--- Given material Enclosed Below ---

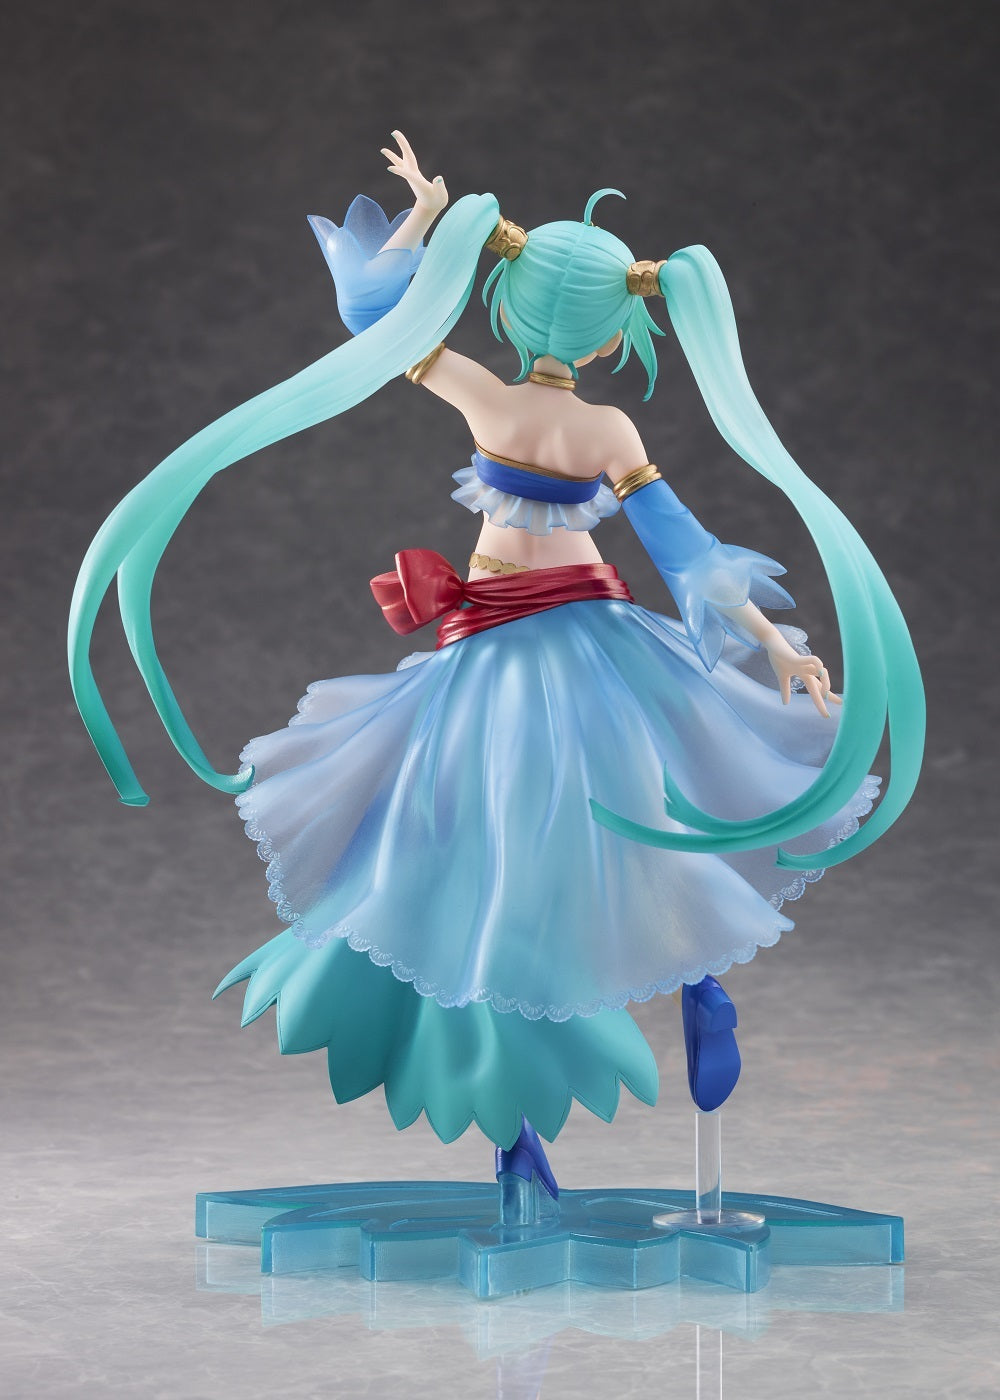 Taito Prize Figure: Vocaloid - Hatsune Miku Princesa Version Arabe Figura
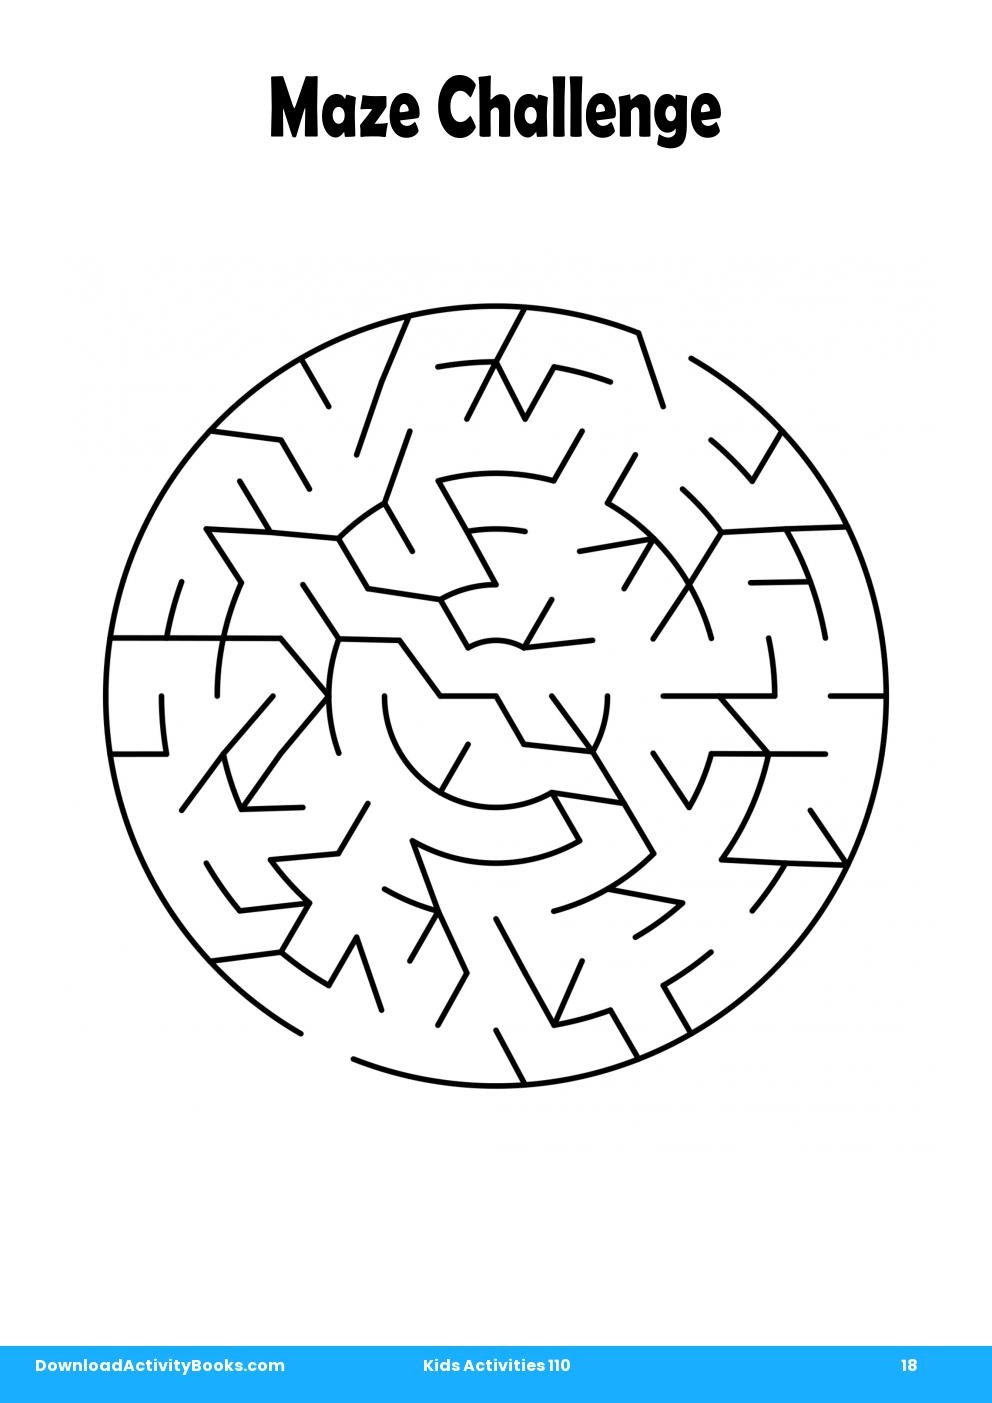 Maze Challenge in Kids Activities 110
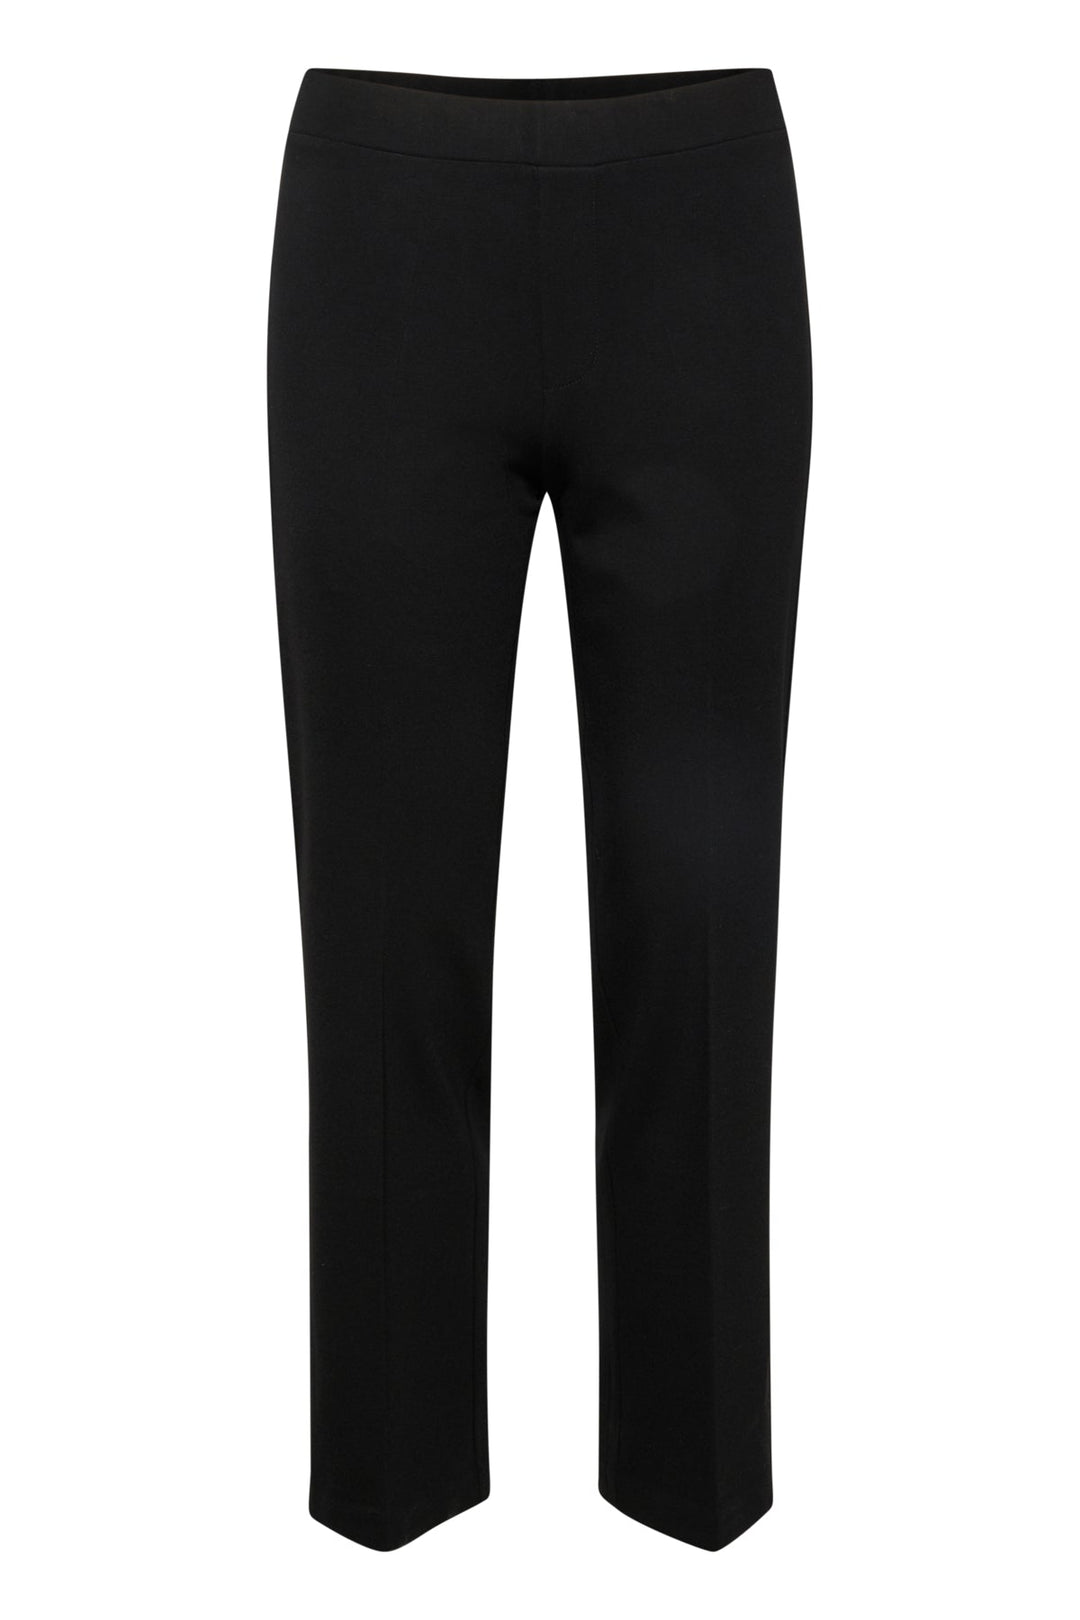 Pontapw Pants Black | Bukser | Smuk - Dameklær på nett

--- End of Enclosed Given material ---

▸ **What the exercise asks**:
Write each line exactly as it appears, from the line that holds "Maze Challenge in Kids Activities 110" through the closing line of the data above, and leave every picture out.

▸ **Solution for this task**:
 Maze Challenge in Kids Activities 110
 Pontapw Pants Black | Bukser | Smuk - Dameklær på nett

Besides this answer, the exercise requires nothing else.